Continúa la lucha de una familia rosarina para que una obra social pague el tratamiento de un hombre con leucemia

“A la obra social le conviene más pagar la multa que adquirir la medicación”, expresó Natalia Perdomo, pareja de Cristian Pereyra, quien nuevamente se encuentra litigando con la obra social OSEIV, que se niega a entregar en tiempo y forma la medicación que tendría a resguardo la salud de su marido, que padece leucemia. “La vida de Cris depende de este remedio, remedio que no puede suspender y aún no recibimos. Sin ese remedio Cris se muere. No hay otra alternativa”, manifestó indignada su esposa.

  • El caso de Cristian llegó a los medios de la ciudad luego de un video realizado por sus hijos, en el que pedían a la obra social que se hiciera cargo de la medicación que necesitaba su padre, quien padece Leucemia Mieloide Crónica (CML) diagnosticada en el año 2011.
  • Desde el diagnóstico comenzó una dura batalla para sobrellevar la enfermedad.

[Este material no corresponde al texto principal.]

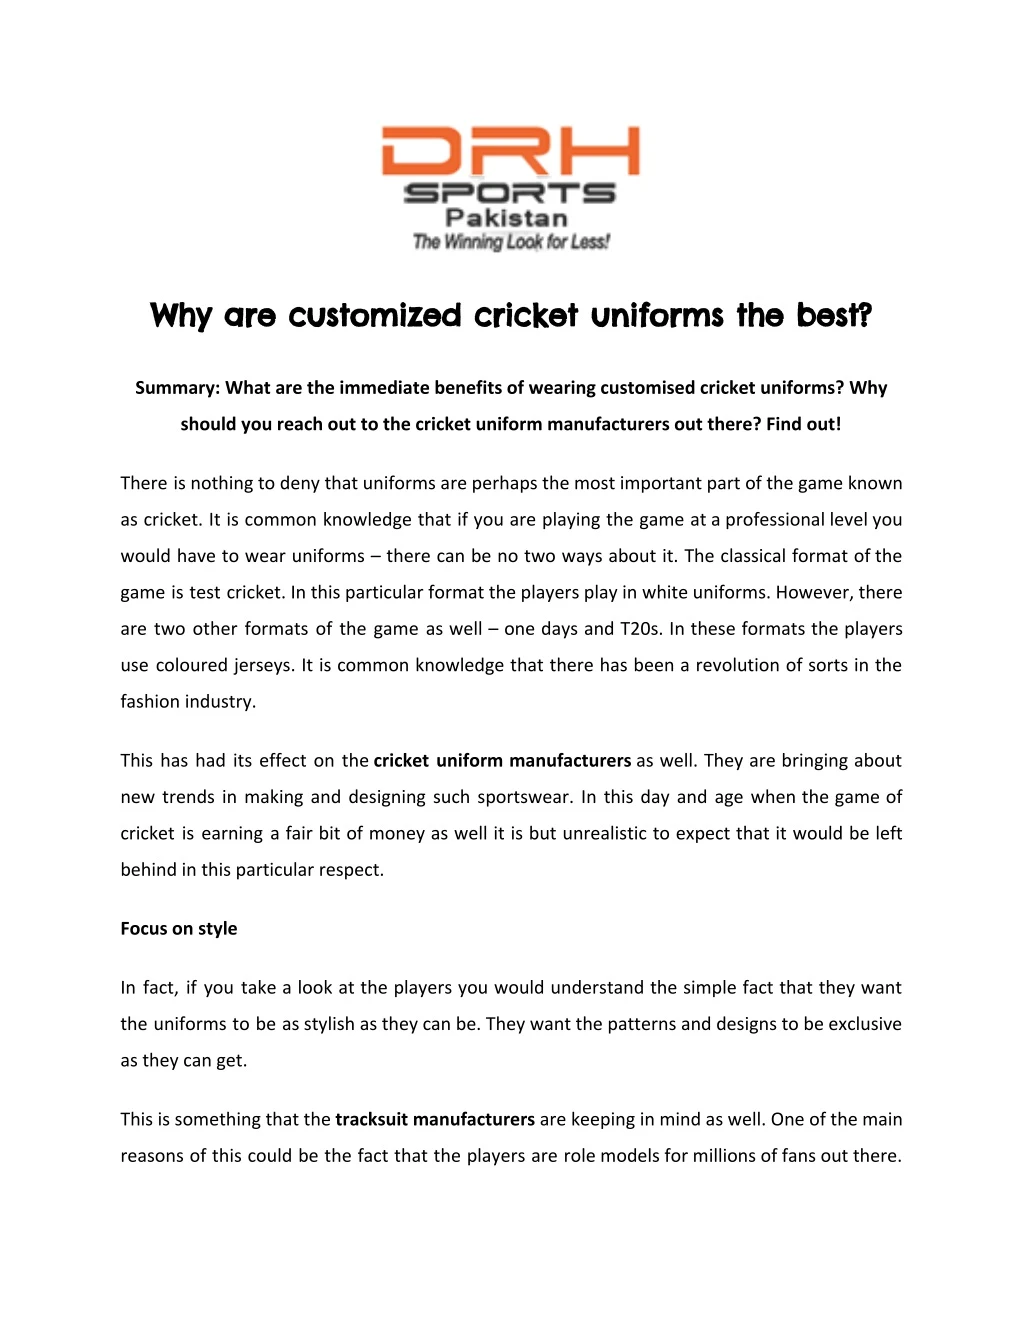 why are customized cricket uniforms the best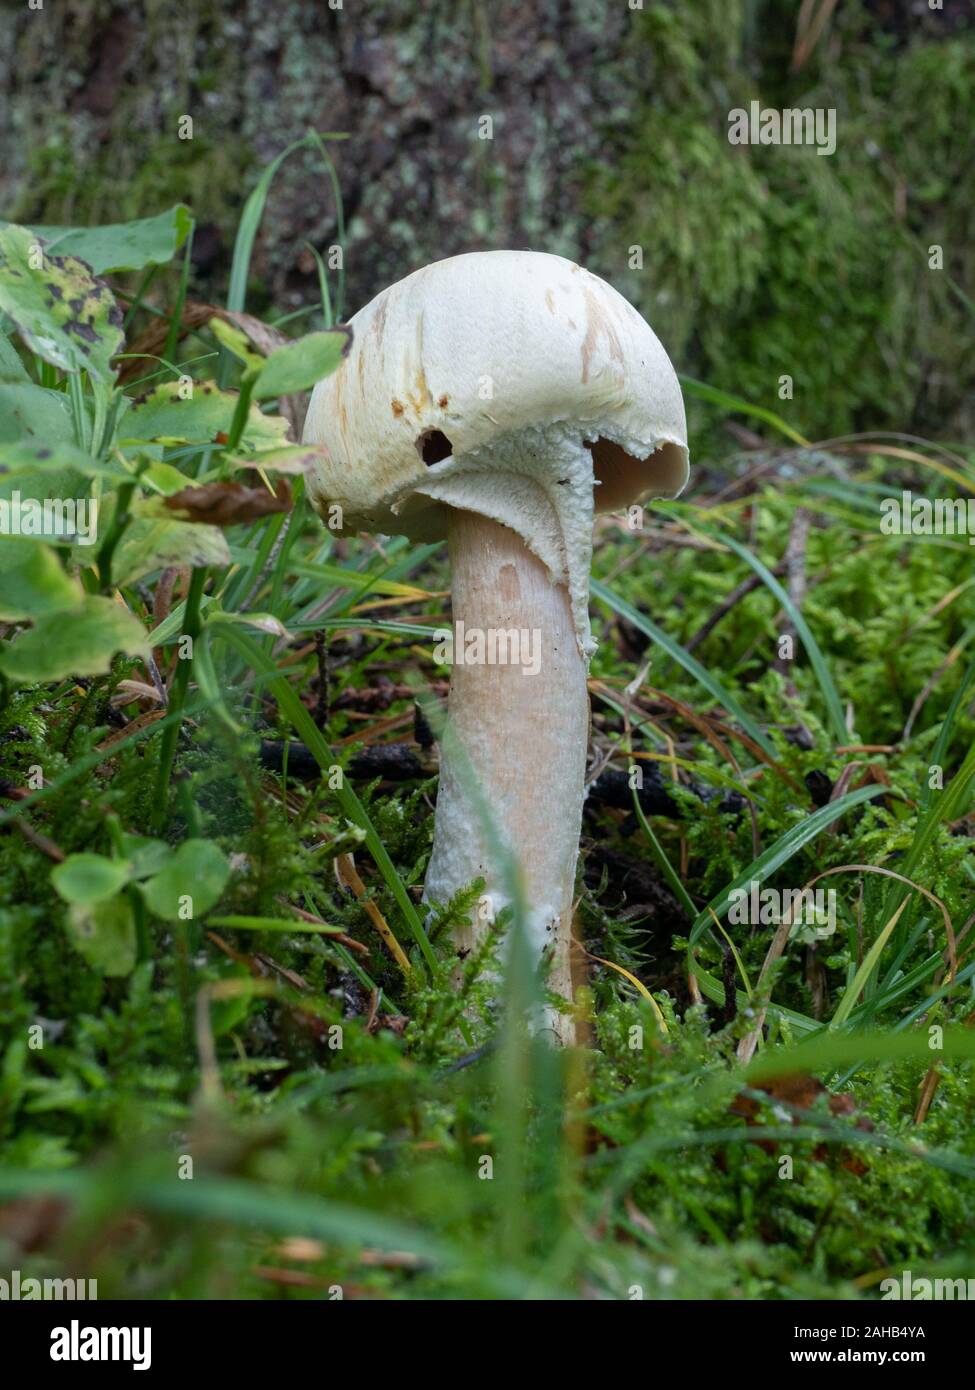 Agaricus silvicola, also known as the wood mushroom, growing in Görvälns naturreservat, Sweden. Stock Photo

El año pasado se le detectó una mutación de la misma denominada T315I. Por eso inició trámites legales con la obra social OSEIV para conseguir la medicación que necesitaba.

En noviembre de 2018 llegó el primer pedido de medicación luego de batallar judicialmente desde junio con la obra social. En la espera de dicha droga, Cristian ingresó en un protocolo de la Fundación Fundaleu en Buenos Aires.

Por su condición clínica, contaba con todos los requisitos necesarios para acceder al mismo y ser parte de una investigación para probar la medicación que necesitaba para tratar su leucemia. Al ser un proceso investigativo, la dosis de la misma era elegida “aleatoriamente”, así fue como a Cristian le adjudicaron 15 miligramos de Ponatinib. De entrada respondió correctamente, ya que le proporcionaban otros medicamentos adicionales; sin embargo, cuando sólo quedó con el suministro de los 15 mg comenzó a notarse una variación en los valores de sus estudios.

Los protocolos exigen tener menos de 20.000 glóbulos blancos, pero sus últimos análisis arrojaron un valor mayor por lo cual quedó fuera del mismo. Es decir, cuando formaba parte de dicho protocolo estaba cubierto 100% con la medicación y análisis. Es por esto que la familia comenzó nuevamente a insistirle a la obra social, ya que esta debía comprar la Ponatinib.

“En mayo comenzamos a prever que quedaría fuera del protocolo, por lo cual la doctora que lo atendía en Fundaleu nos dijo que deberíamos ir pidiendo la medicación en nuestra obra social, ya que se quedaría sin su remedio”, contó Natalia, su pareja. “Iniciamos los trámites en mayo y la medicación llegó en julio. El 4 de ese mismo mes presenté una nueva orden del medicamento que era de junio. Esperamos a presentarla, ya que todavía no había llegado la del mes de mayo, es decir que estaban retrasados. Fue allí donde el abogado de la obra social le responde a nuestro representante legal que deberían realizar una nueva demanda”, añadió.

A dos meses del pedido de la medicación no existen respuestas de la obra social, “mientras Cristian estuvo en el plan de investigación de Fundaler, OSEIV se ahorró un montón de dinero, y cuando necesitamos pedirle nuevamente que respondan, no cumplen”. “La última presentación legal indica que por cada día de incumplimiento, deberán pagar la suma de cinco mil pesos diarios. Efectivamente es más barato pagar la multa que adquirir la medicación, algo completamente lamentable”, exclamó.

La medicación tiene un valor de 15 mil dólares, monto inaccesible para personas que cuentan con un ingreso básico. “Con la multa que le cobran se ahorran mucho dinero, ya que seis meses de multa es un mes de medicación. En la demanda habíamos pedido mil dólares por mes, pero lamentablemente no salió por ese valor, ya que le hubiese costado más responder con ese dinero”, expresó.